■ **Problem to work on**
The following data needs to be repeated exactly, with all images excluded.

■ **Dataset section**
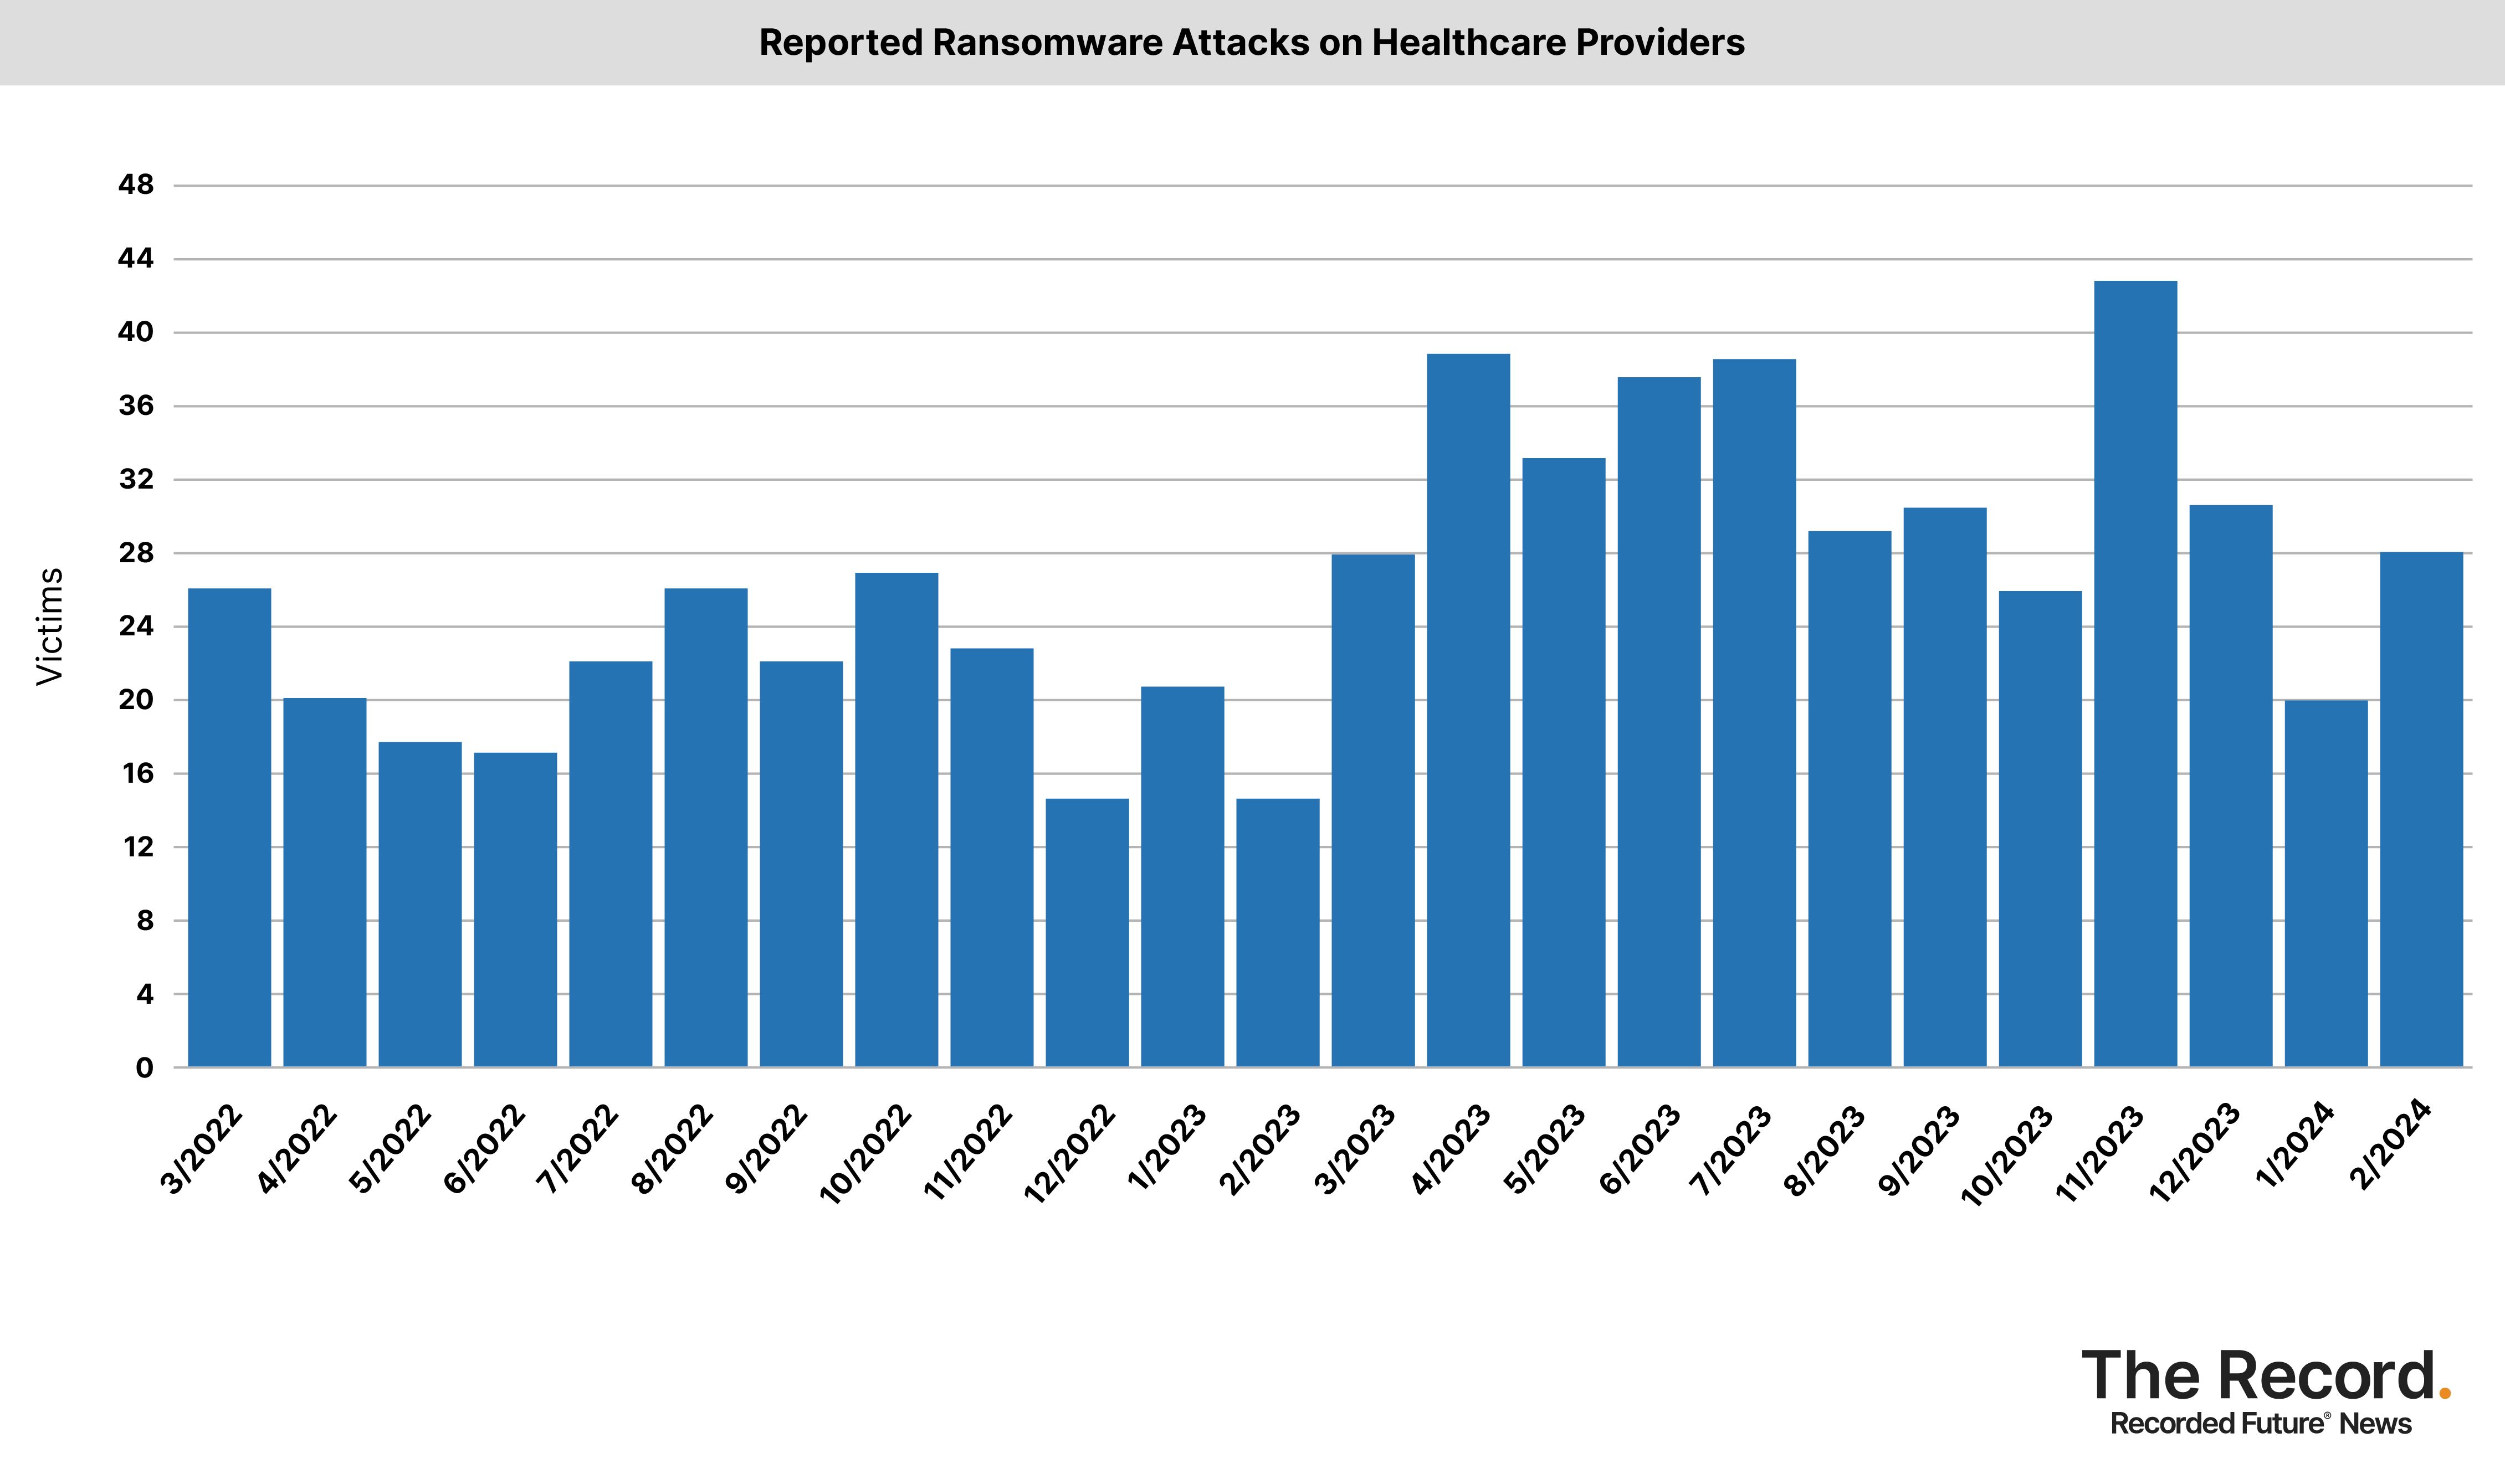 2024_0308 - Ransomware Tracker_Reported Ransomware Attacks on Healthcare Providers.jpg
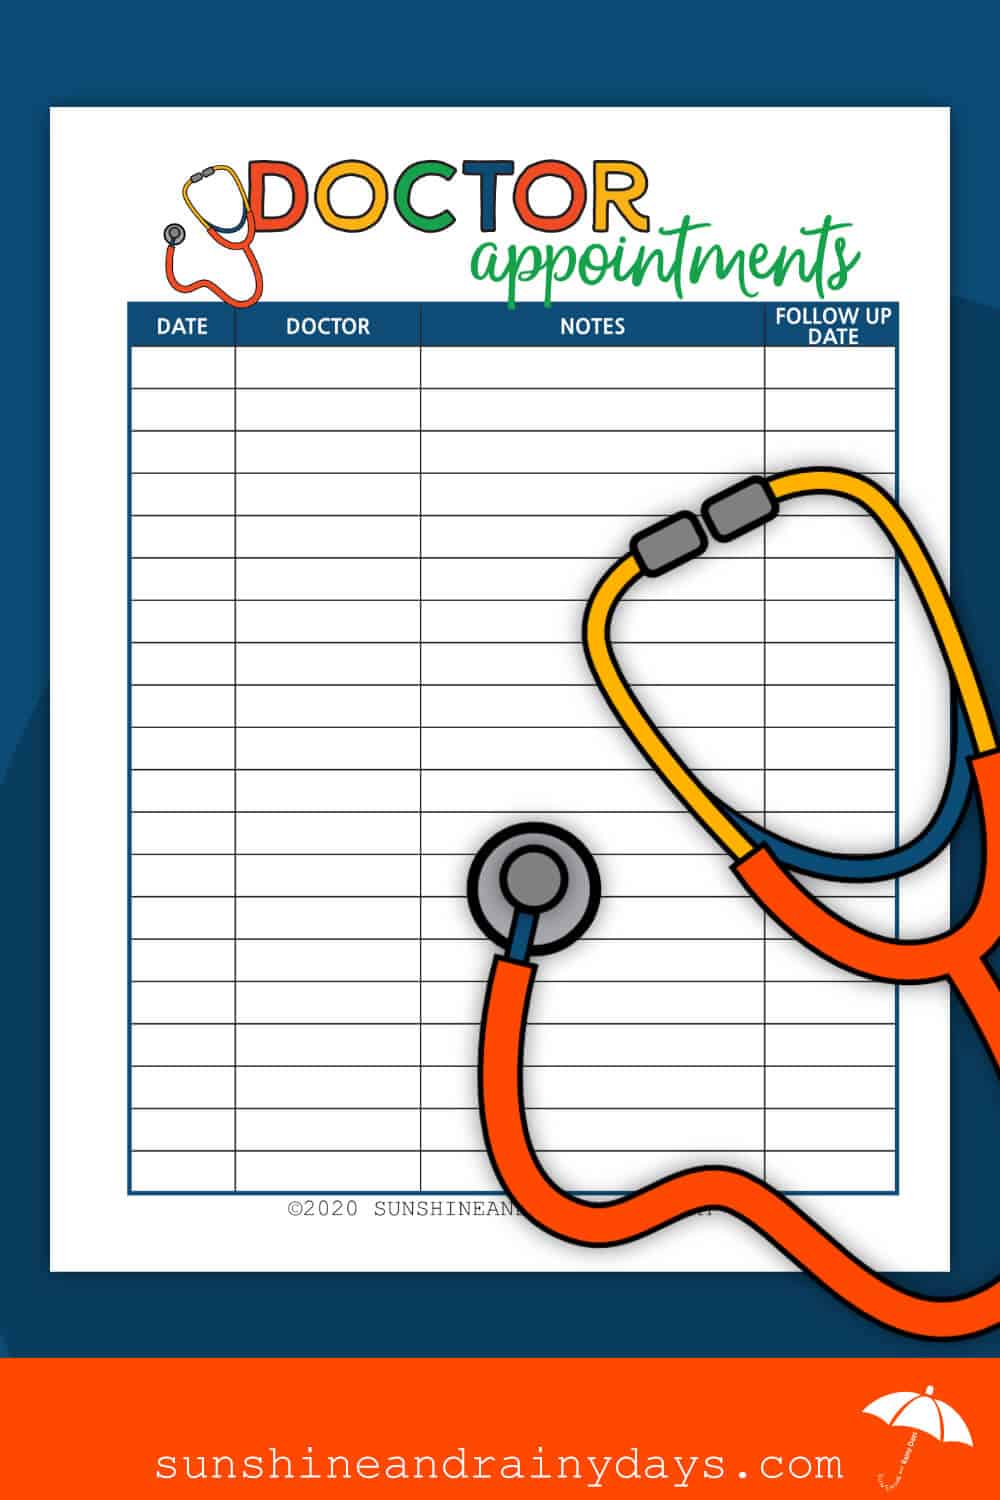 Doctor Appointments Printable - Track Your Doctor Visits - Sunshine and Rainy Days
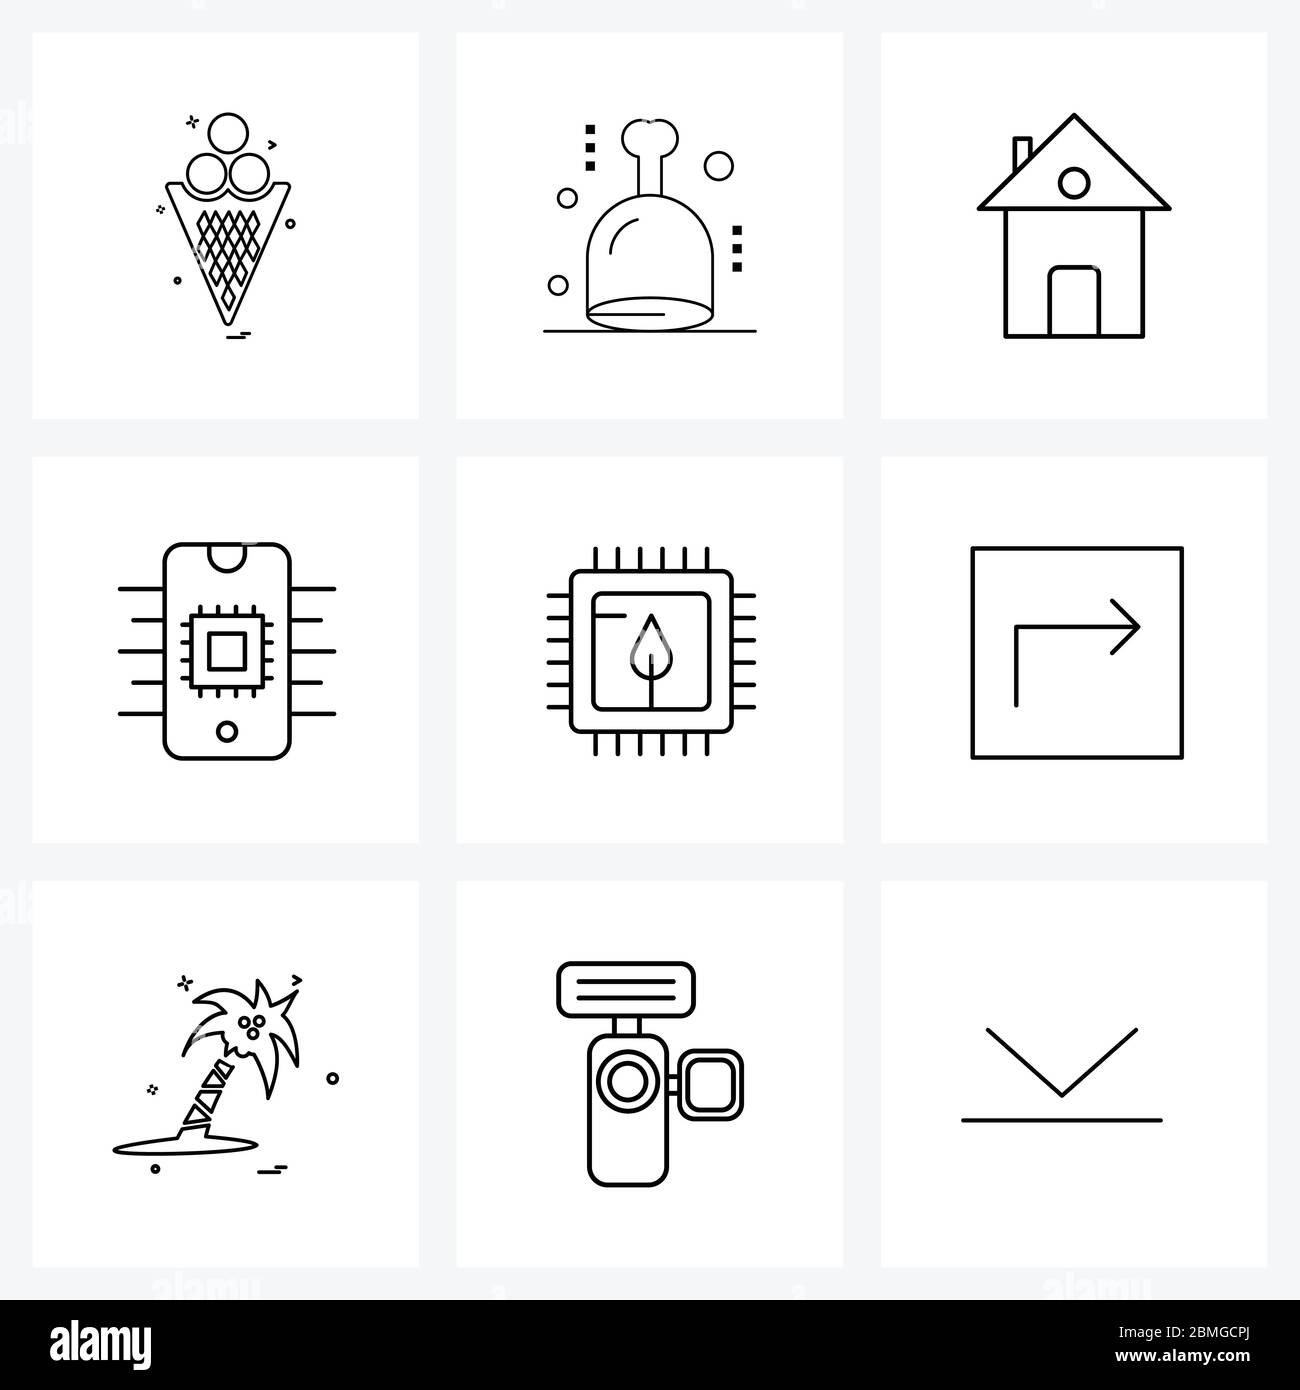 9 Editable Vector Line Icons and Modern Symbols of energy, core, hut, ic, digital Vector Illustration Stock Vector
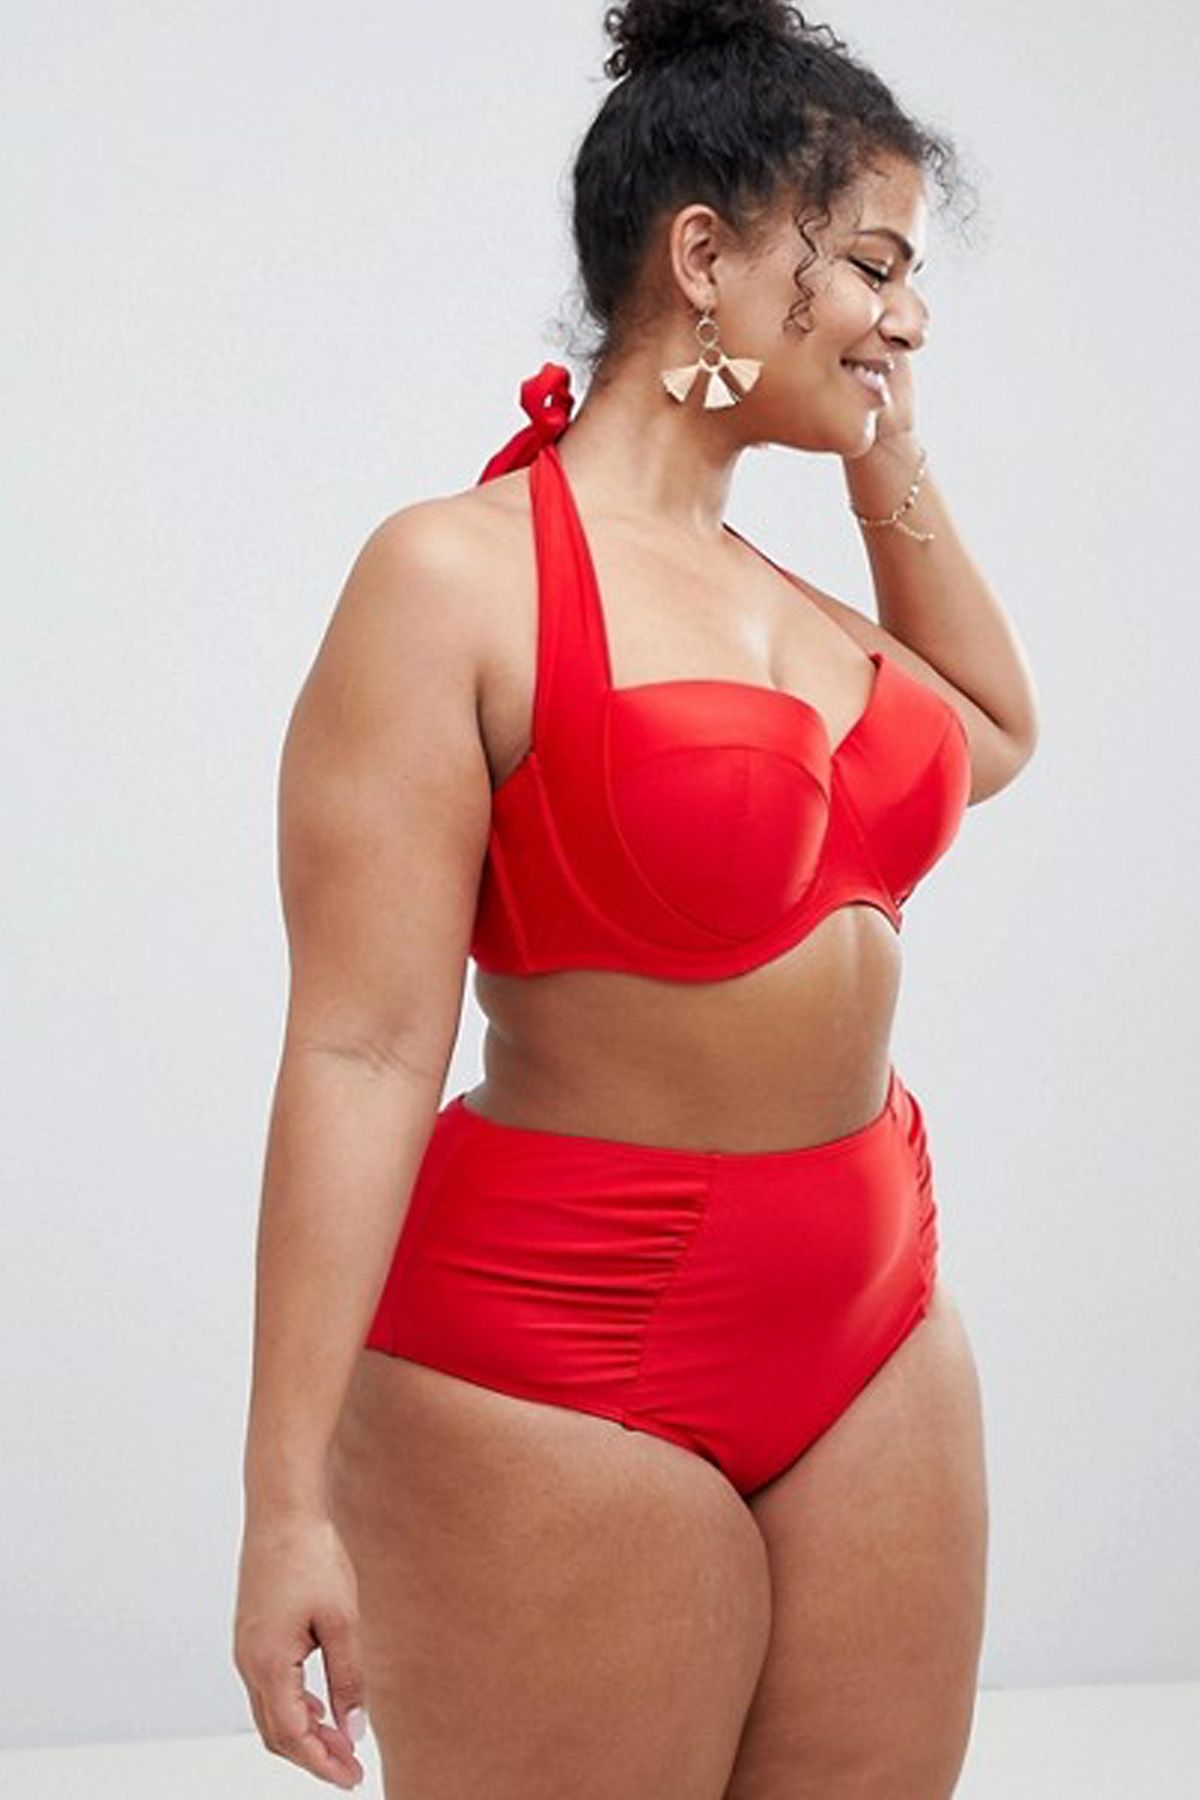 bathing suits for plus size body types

■ **Exercise output**
 2024_0308 - Ransomware Tracker_Reported Ransomware Attacks on Healthcare Providers.jpg
 Doctor Appointments Printable - Track Your Doctor Visits - Sunshine and Rainy Days
 9 Editable Vector Line Icons and Modern Symbols of energy, core, hut, ic, digital Vector Illustration Stock Vector
 bathing suits for plus size body types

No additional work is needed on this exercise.